このほか、一時金は昨年同様、年間5カ月分を中心に要求。18歳最低賃金については、統一要求基準として1,500円引き上げて15万2,500円の実現を求める。

なお、闘い方では、これまで17組合で構成してきた「中闘組合」を見直し、岩通とC&D労協を除く15組合とする。

柔軟な対応で統一闘争の発展を

論議では、賃金要求について、統一闘争の進化・発展を求める意見が相次いだ。電機連合は07年春闘でも2,000円以上の水準改善を要求したものの交渉が難航。回答日の2日前に、スト回避基準を「水準改善500円」にしたうえで賃金制度の補正などの「賃金体系是正分等」で上積みを図る戦術に切り替えた。目標水準を上回る単組に限っては、回答のすべてが「賃金体系是正分等」の配分でも了承することとし、闘争戦術も残業と休日出勤の無期限拒否で対応した。こうした流れについて、「07闘争を振り返ると、ストの設定など従来の枠を超えた幅のある戦術を組み込んだ時代にマッチした判断だった。08春闘もこの戦術を有効活用すべきだ」(日立グループ連合)、「要求方式(の一本化)は大きな前進だが、従来から開発・設計職を選択している側からは大きく変わったとの意識は希薄だ。(31万円の)目標水準を超えている立場からすると、進化のスピードを上げて欲しい」(松下電器労連)、「07闘争では、スト設定などの柔軟な対応を行い、新たな息吹が実感できた。この潮流を後退させず、より発展させよう」(三菱電機)などの声があがった。

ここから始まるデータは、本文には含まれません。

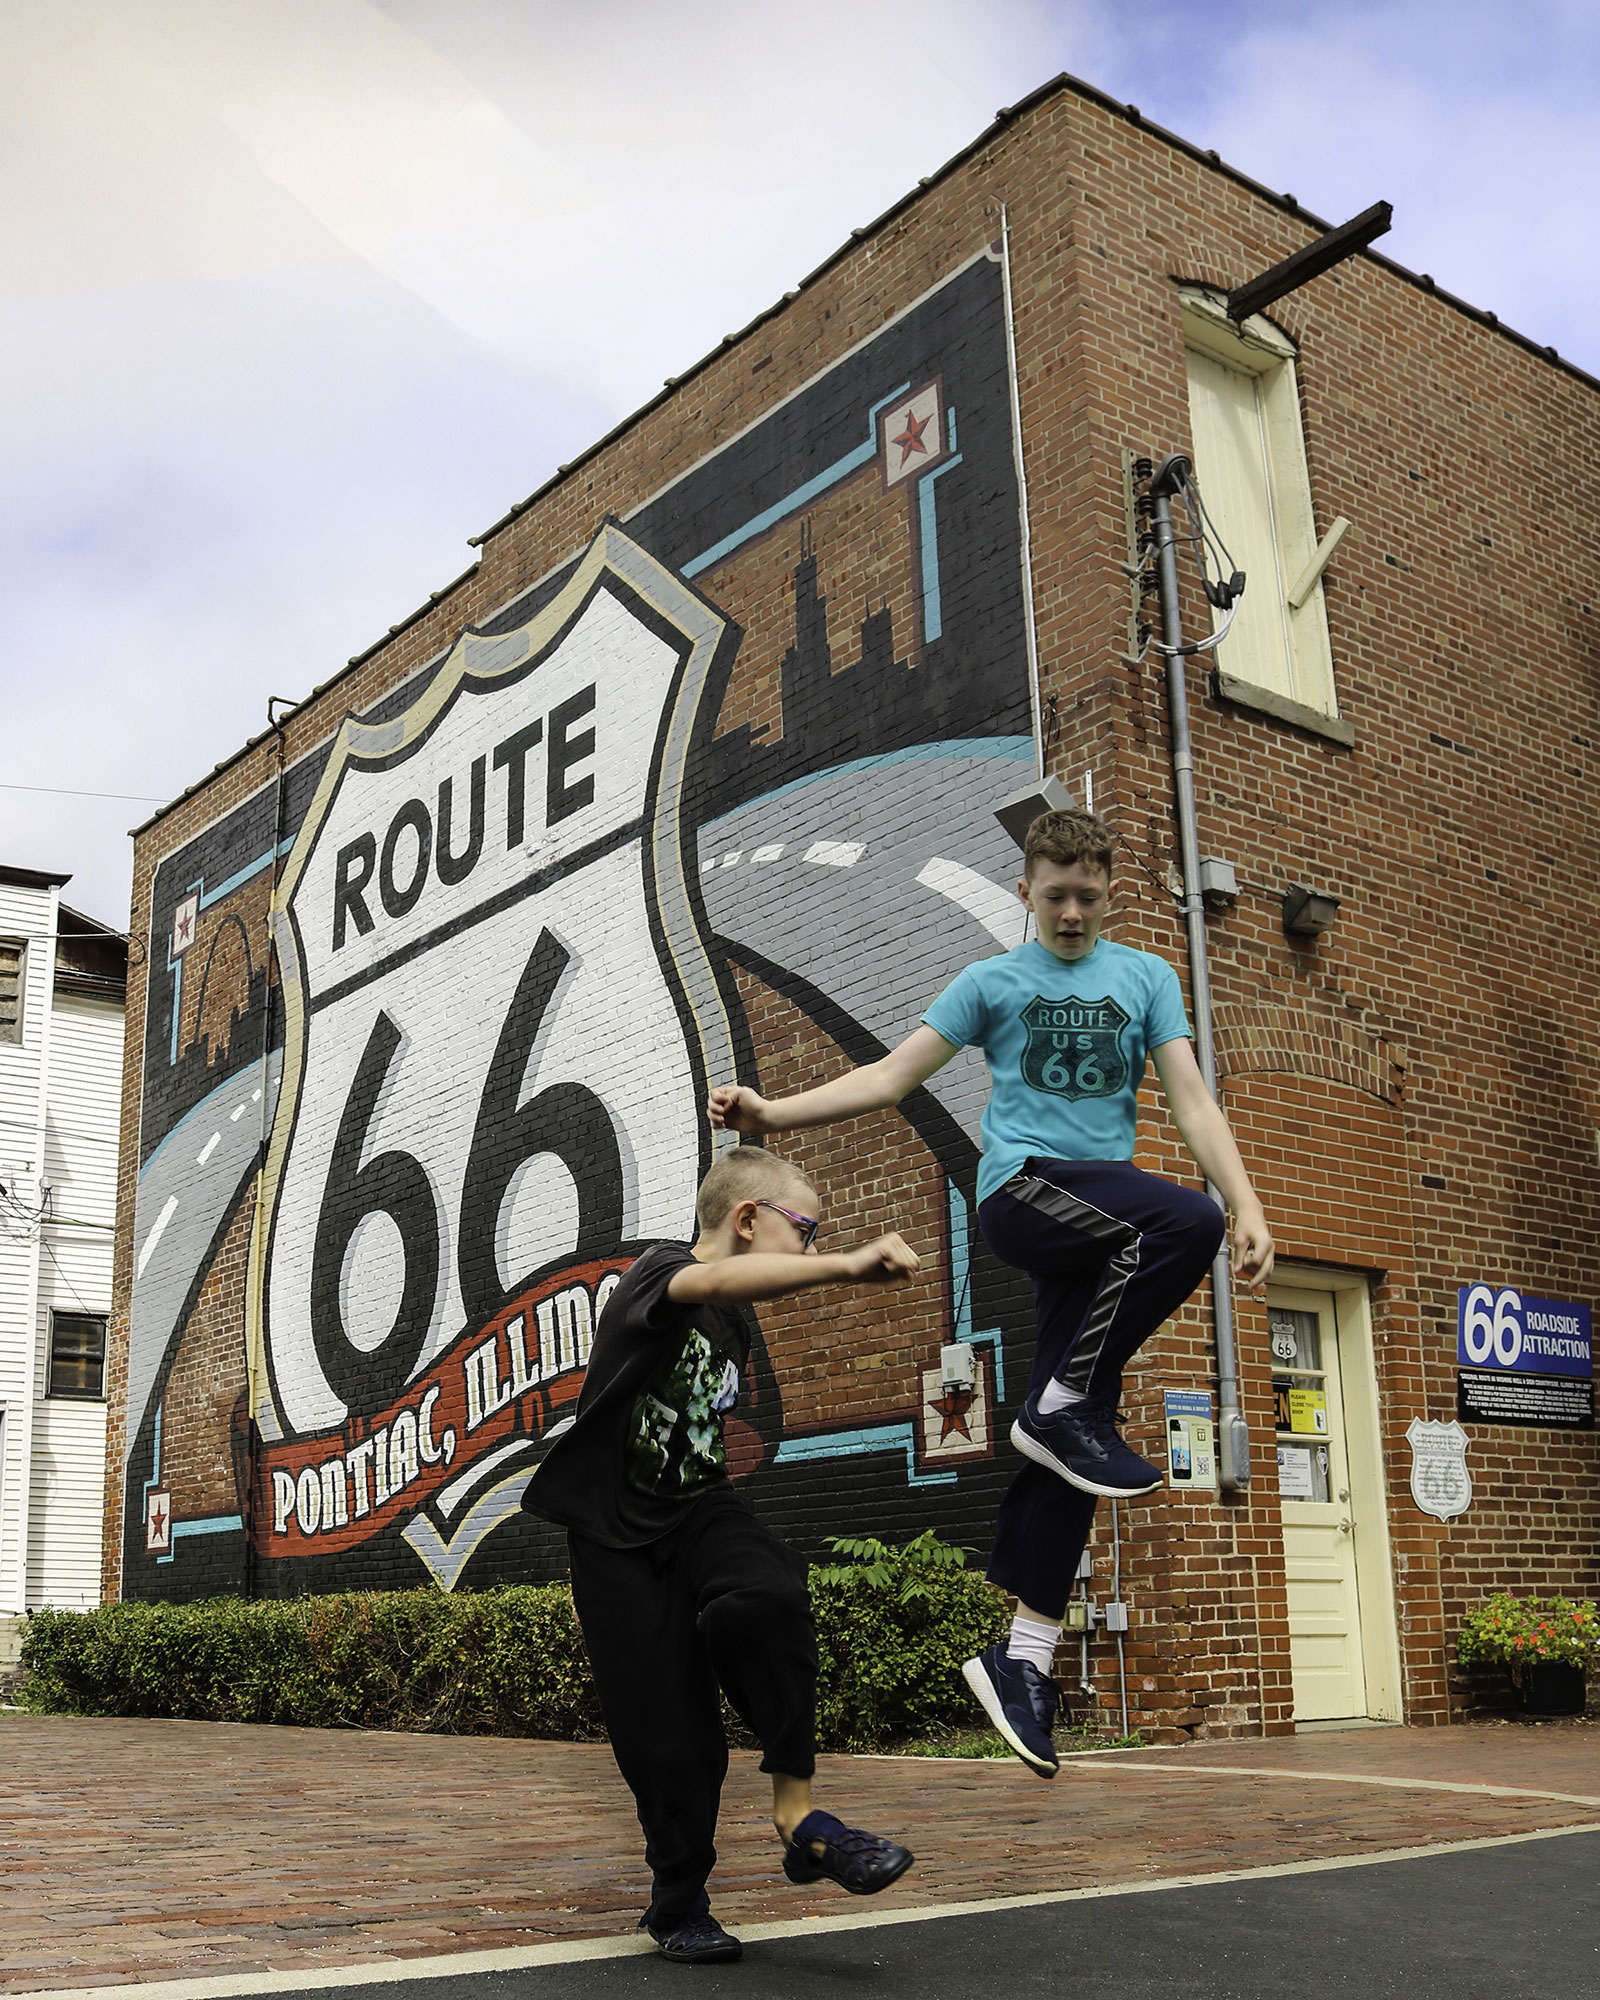 Murals on Main Street Featuring the World's Largest Outdoor Painted Route 66 Shield

時間外割増率に関しては、「割増率は単組交渉で展望が描けない。経営側も自力で判断できないことが予想され、最終的にゼロ回答の危険もある。(連合の)割増共闘と産別交渉、単組交渉の連携など相当な努力が必要だ」(日立グループ連合)、「要求して何も取れないというわけにはいかない。どう進展させていくか。賃金と違う難しさがある」(NEC労連)などの意見が出た。

今後、各労組は2月14日までに会社側に要求書を提出。3月12日の集中回答日に向けて交渉を展開する。